Limitations & Future Work

  • Only considers cross-entropy loss, without evaluating downstream tasks (reasoning, code, multilingual, etc.).
  • Does not involve MoE or hybrid Attention+xLSTM architectures.
  • Inference experiments are limited to a single GPU, not considering multi-GPU distributed scenarios.
  • Training data is limited to DCLM-Baseline, without verifying the impact of data distribution changes.
  • Does not explore the actual quality performance of xLSTM under ultra-long contexts (>16k) (e.g., recall ability).
  • No horizontal comparison with other linear architectures like Mamba or RWKV.
  • Chinchilla (Hoffmann 2022): Ours reproduces compute-optimal exponents for Transformer and extends them to xLSTM.
  • Gadre 2024 / Sardana 2024: Ours aligns with these in overtraining regime analysis but adds a cross-architecture dimension.
  • Shen 2024: While showing linear models are "on par" with Transformer, ours further proves xLSTM "outperforms" Transformer.
  • Poli 2024: Shows hybrid architectures outperform pure Transformers; ours proves pure linear architectures can also win.
  • Porian 2024: Ours reproduces their Transformer power-law exponent \(a\).
  • The Pareto dominance of xLSTM implies better pre-trained models can be obtained at the same compute budget, which is particularly valuable for resource-constrained scenarios.
  • The impact of context length on compute-optimal model size is a widely ignored dimension that warrants verification in other architectures (Mamba, RWKV, etc.).

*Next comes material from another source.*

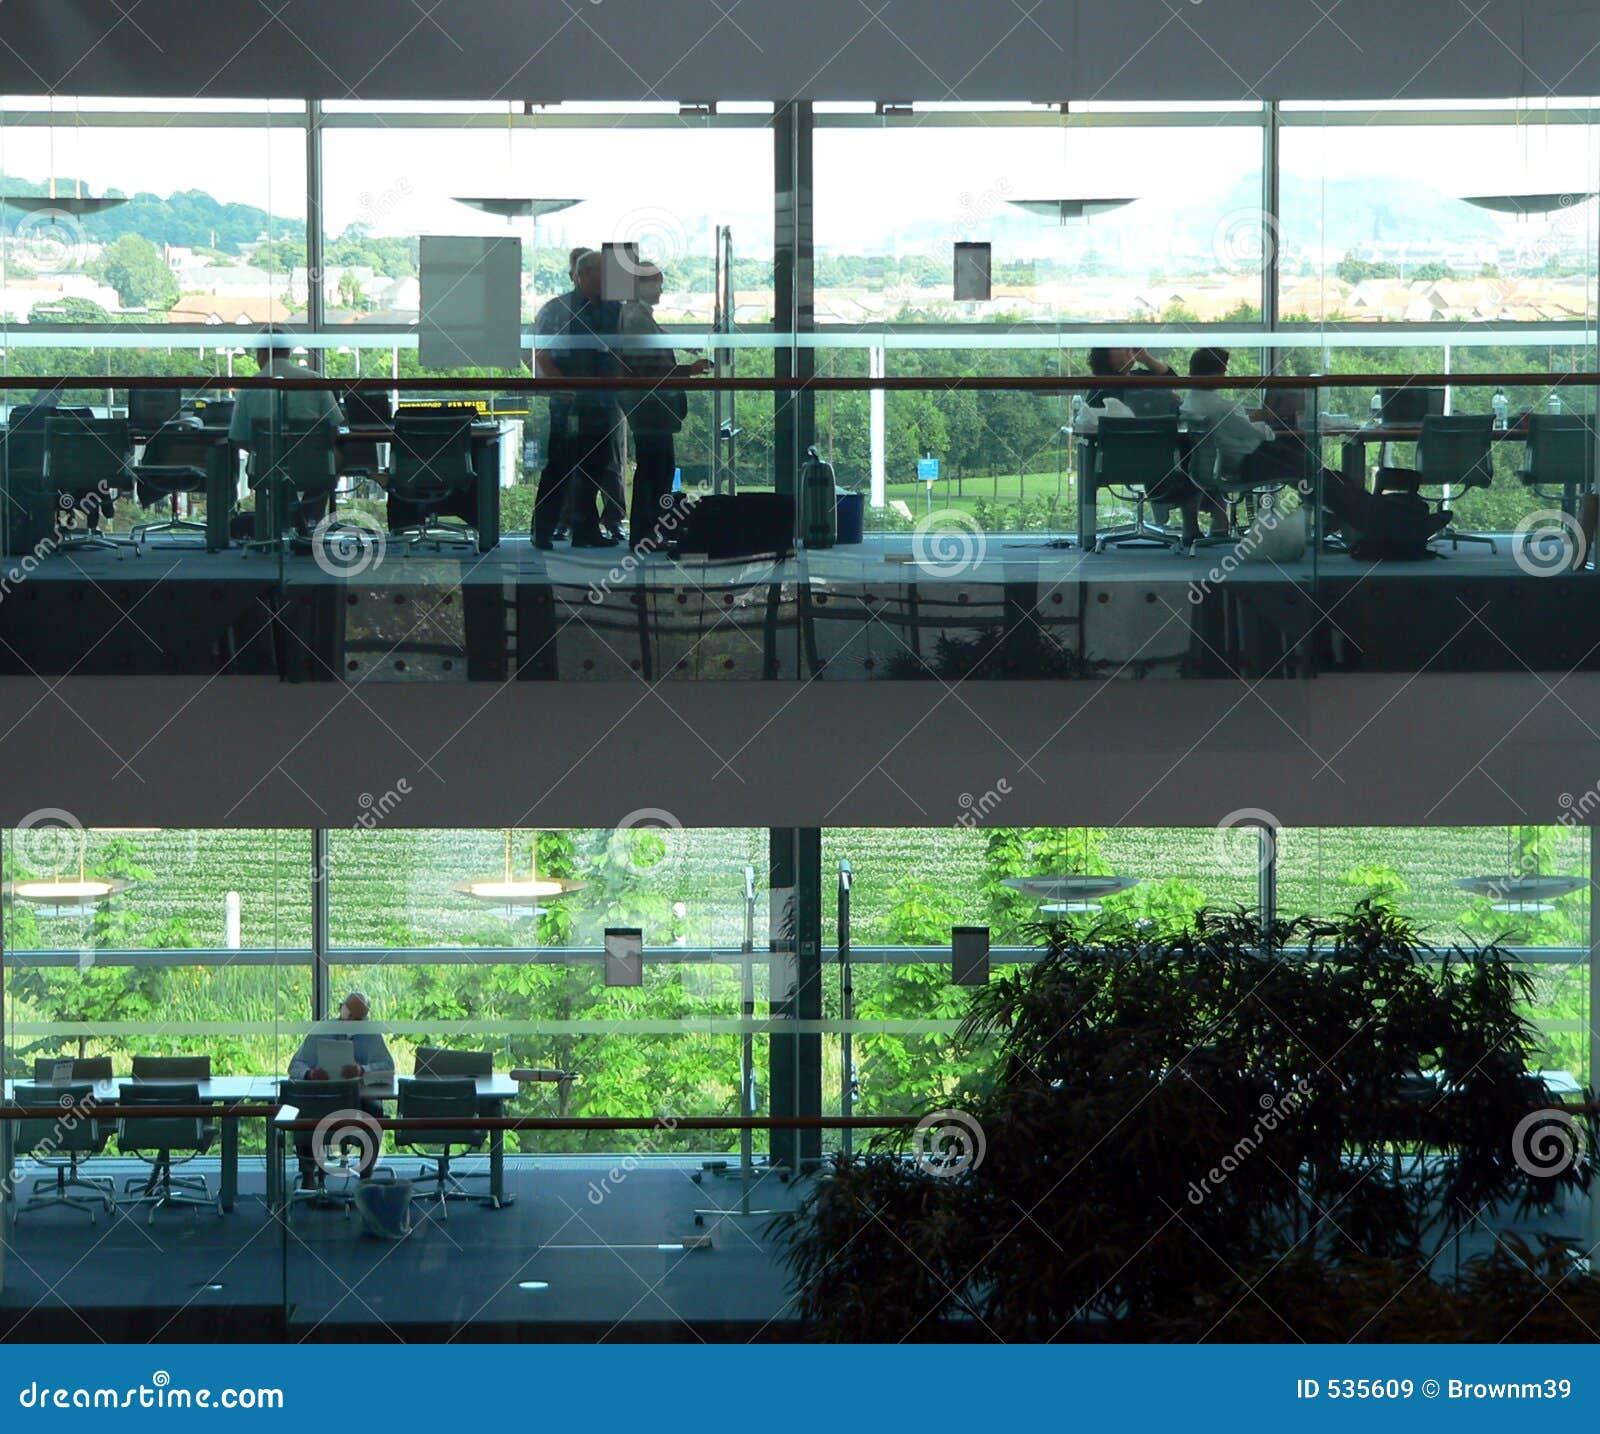 Download 办公室工作区 库存图片. 图片 包括有 音乐学院, 细分, 执行委员, 大厅, 玻璃, 会议, 未来派, 多维数据集 - 535609

  • Inference advantages expand with context growth, suggesting massive potential for linear architectures in long-context inference (e.g., CoT, document understanding).
  • The cross-architectural "model size vs. loss" universal relationship is a theoretical problem deserving deeper research.

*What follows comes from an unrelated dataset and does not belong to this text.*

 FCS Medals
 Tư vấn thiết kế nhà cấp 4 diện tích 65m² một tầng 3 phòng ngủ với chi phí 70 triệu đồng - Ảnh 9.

  • The precise FLOP calculation methodology can be reused to evaluate the scaling behavior of other linear architectures like Mamba, RWKV, and RetNet.
  • The finding of constant exponents in the overtraining regime provides theoretical assurance for "small model, more data" deployment strategies.

Rating

  • Novelty: ⭐⭐⭐⭐ — First systematic scaling law comparison between linear complexity and Transformer.
  • Experimental Thoroughness: ⭐⭐⭐⭐⭐ — 672 training runs, multi-dimensional analysis, theoretical + empirical inference modeling.
  • Writing Quality: ⭐⭐⭐⭐ — Clear structure, professional charts.
  • Value: ⭐⭐⭐⭐ — Provides important scaling guidance for the engineering deployment of linear complexity architectures.
  • Comprehensive: ⭐⭐⭐⭐ — Solid experiments, clear conclusions, direct reference value for architecture selection.